Juan Hernández Pico, SJ

Guatemala’s government has been shown up for what it is once again, this time by the tax issue. Neither the executive nor the legislative branch has fulfilled the commitments assumed in the Fiscal Pact. No medium- or long-term priority public spending plan aimed at the country’s human development has yet been included in the proposed budget for next year. The government has not yet begun to deal with big tax evaders in any meaningful way. There are no new bills to penalize tax evasion, particularly sales tax fraud, which may well exceed 50%. And no funds have been allocated for training officials in the superintendence of Tax Administration or raising their salaries to make them less susceptible to bribery. The fiscal pact was not just a tax hike, but also an agreement to plan public spending more rationally, collect existing taxes more effectively, use them more honestly, transparently and efficiently, and reactivate the economy. This framework laid out in the pact is missing from the 2001 budget. Once again, the state has fallen down on the job.

After the pact was signed on May 25, a follow-up commission was set up to work on the tax issue. It reached an agreement on June 20, just hours after the finance minister was to present the first set of tax bills to Congress so that they could be approved and go into effect by July 1, the pact deadline. But the commission’s agreement was given short shrift. The government presented its own tax proposal, which Congress passed on June 27 after major changes were negotiated in yet another commission—sometimes referred to as a "Political Forum"—which is strongly chaired by Vice-President Francisco Reyes.

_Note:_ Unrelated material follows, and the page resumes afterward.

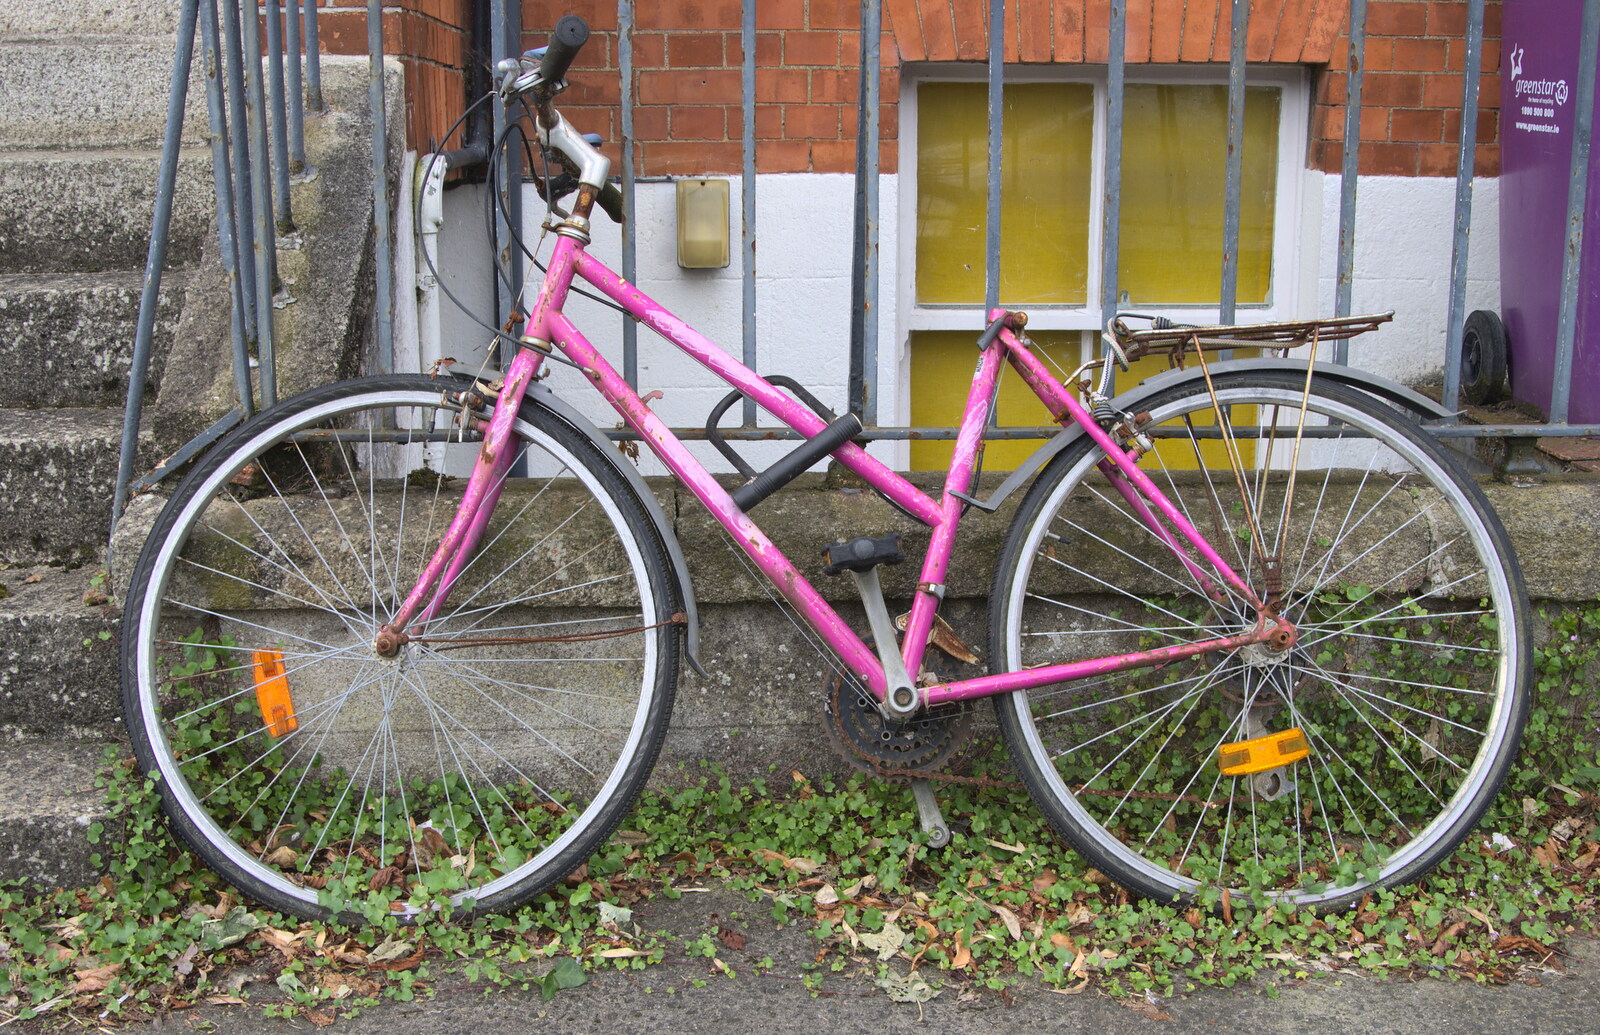 This bike is missing an important component from Sion Hill and Blackrock for the Day, Dublin, Ireland - 17th September 2016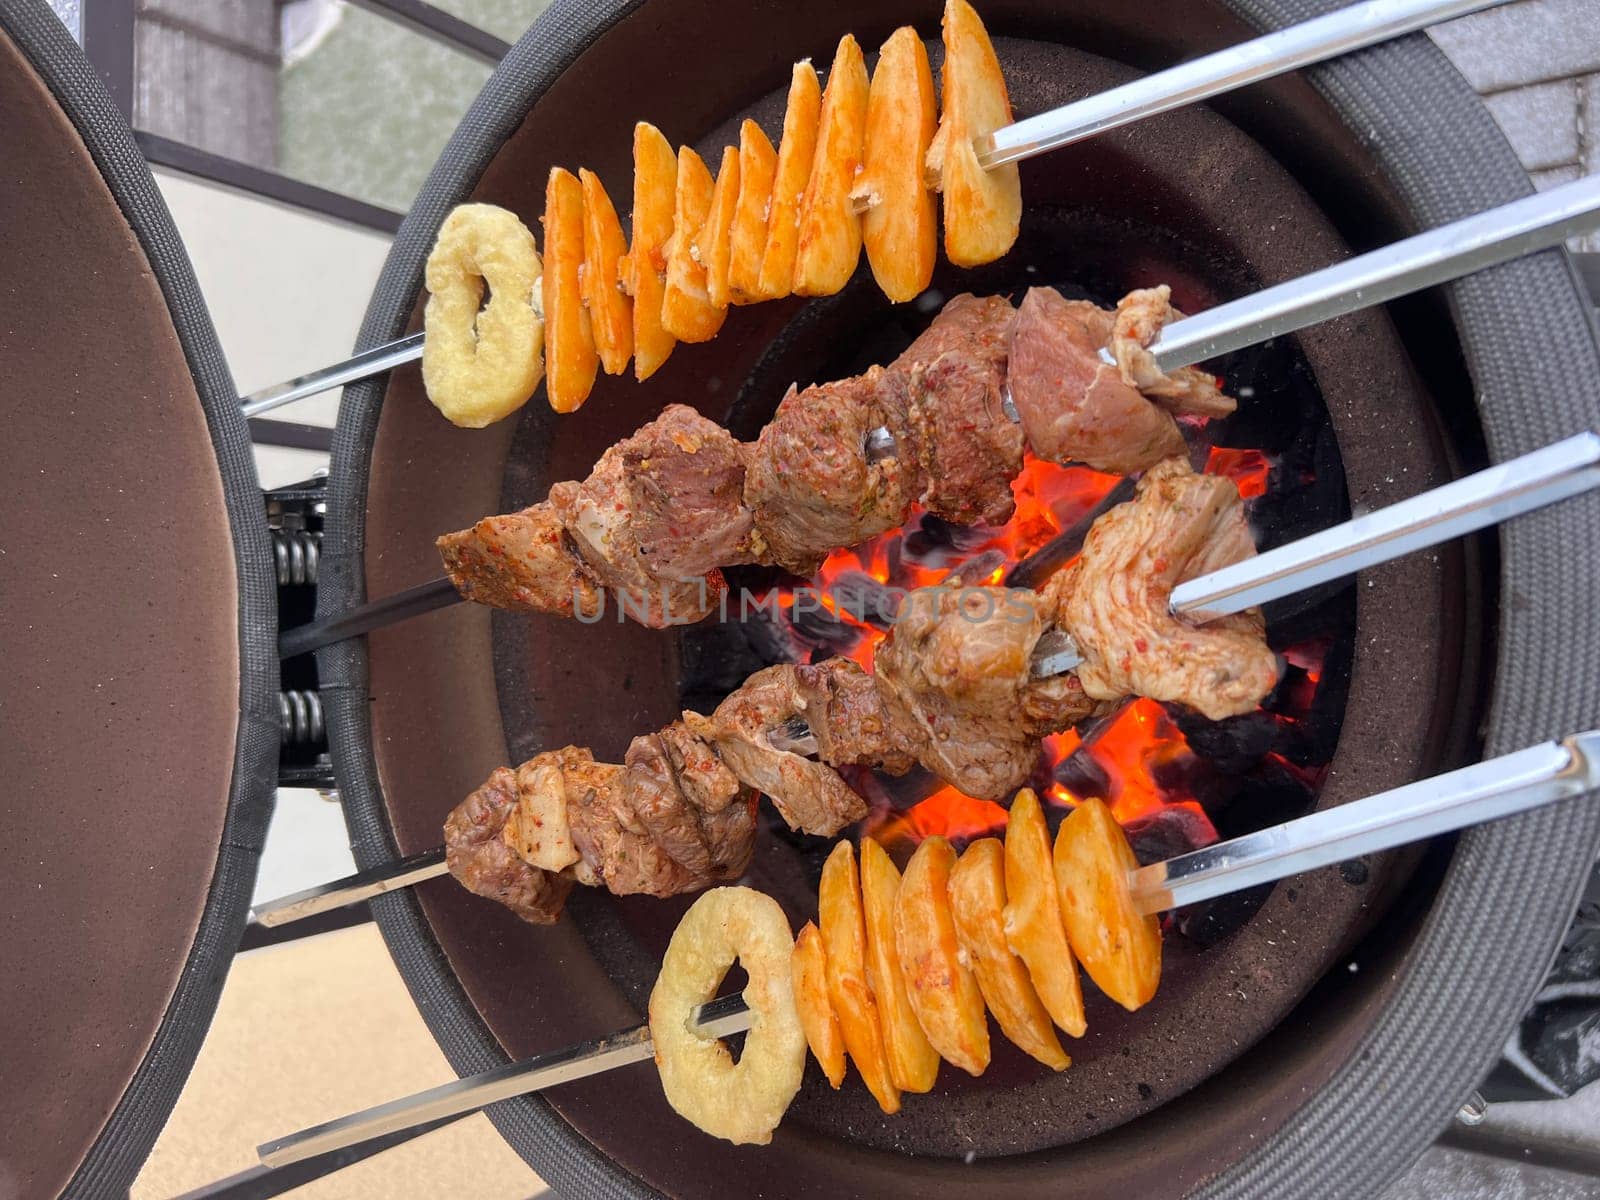 Egg grill cooking at home meat and corn meat bbq homemade. High quality photo

This left the impression that the government was participating in the discussions with cards up its sleeve, only to pull out the winning one at the moment of truth. In his September 15 speech commemorating the nation’s independence, President Portillo justified it this way: "They say we’re to blame for the fact that the Fiscal Pact hasn’t been implemented, that we were supposed to accept an agreement worked out by the business and social sectors without changing so much as a comma or period. But this is where the people’s sovereignty lies, where things are decided, in the country’s democratically-elected institutions." Winning that hand was a Pyrrhic victory, however, since the pact risks immolation in the fires of dissent and deceit.

Pressures, negotiations
and a scolding

Arduous negotiations over various other taxes still remained, including the tax on the sale of cement, one of Guatemala’s great monopolies; on the preferential cost of electrical energy for industrial use; on the tax exemption for maquila income and the fiscal situation of the free trades zones where these assembly plants operate; on a new real estate tax; on a tax on idle land; on whether or not to increase the sales tax; and on the whole enormous chain of existing privileges and exonerations.
The government, represented by Vice-President Reyes, leaned particularly hard on private enterprise to accept a rate increase of 0.18 quetzals (a bit over $0.02) per kw/hr. for industries using over 300 kw/hrs. Their current rate is 0.66 quetzals, while the rate for less powerful customers, including residences, is two-thirds higher, at 1.10 quetzals. The businesses represented in the umbrella business organization CACIF argue that cheap energy makes their products more competitive in the international market.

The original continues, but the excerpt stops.